**Your goal**.
The whole listing, pictures aside, should be reproduced exactly.

**Data excerpt**.
=== Begin Enclosure ===

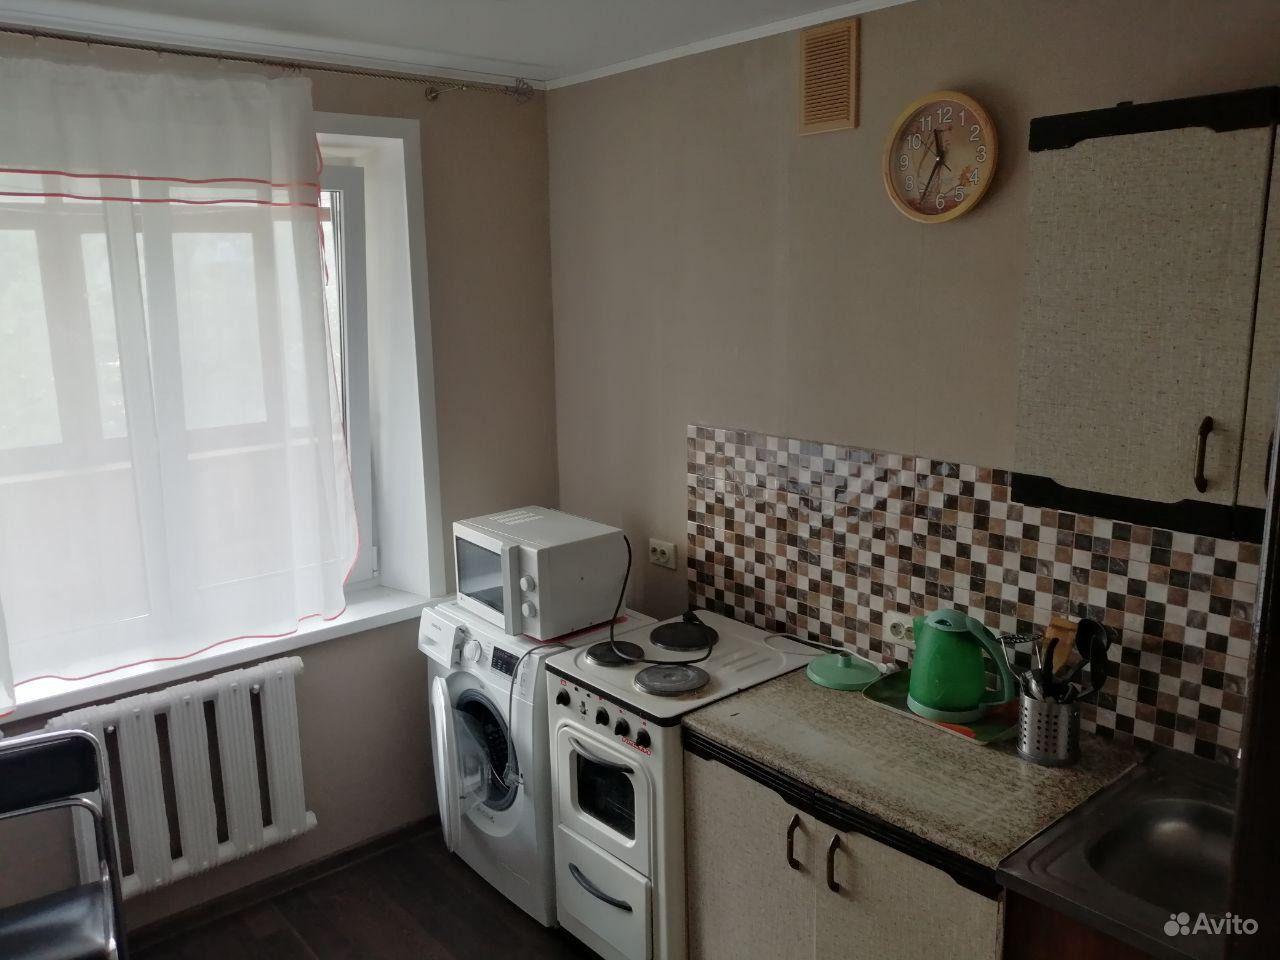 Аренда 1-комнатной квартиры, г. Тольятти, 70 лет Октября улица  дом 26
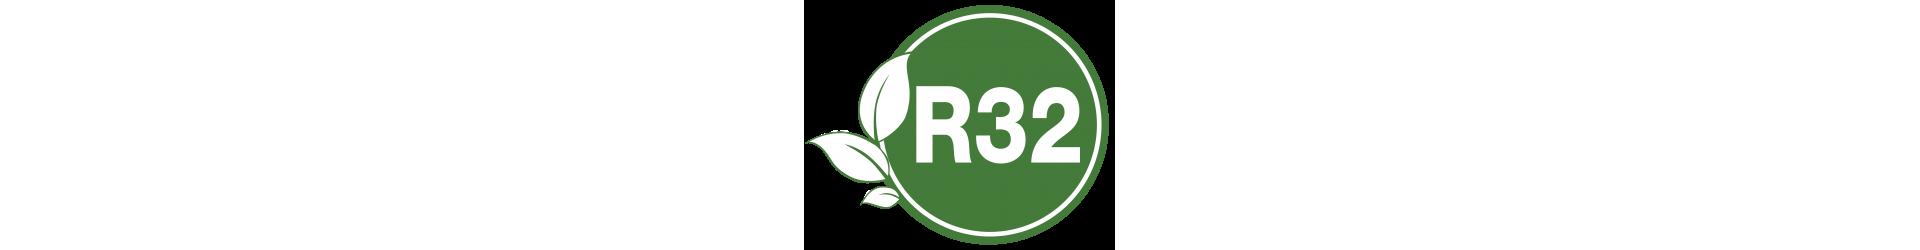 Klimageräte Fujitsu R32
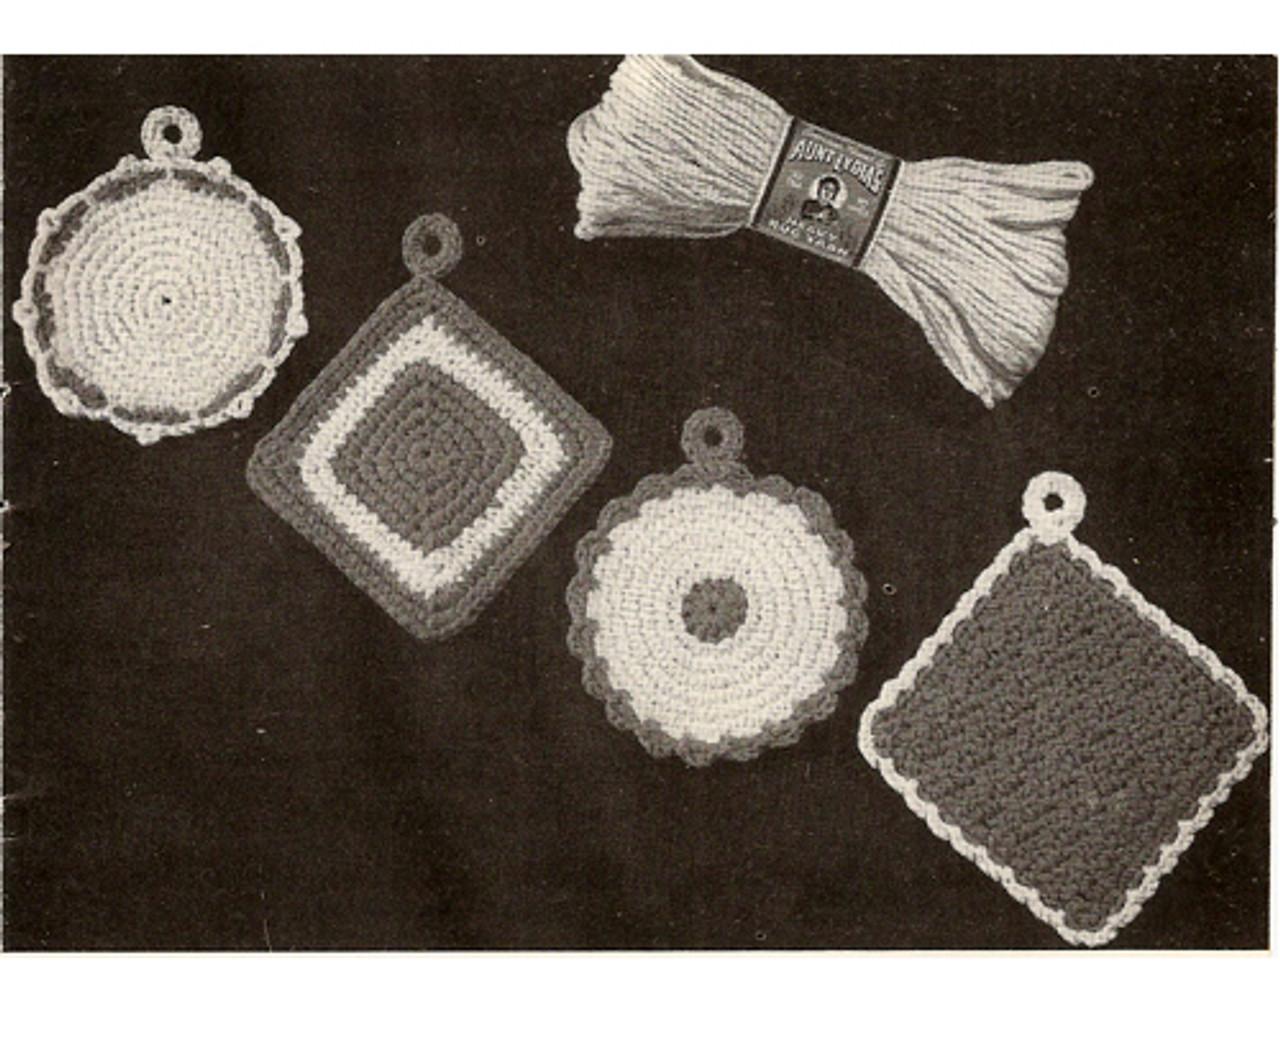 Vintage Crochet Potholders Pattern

=== End Enclosure ===

**Answer for the task**.
 Аренда 1-комнатной квартиры, г. Тольятти, 70 лет Октября улица  дом 26
 Klimageräte Fujitsu R32
 Vintage Crochet Potholders Pattern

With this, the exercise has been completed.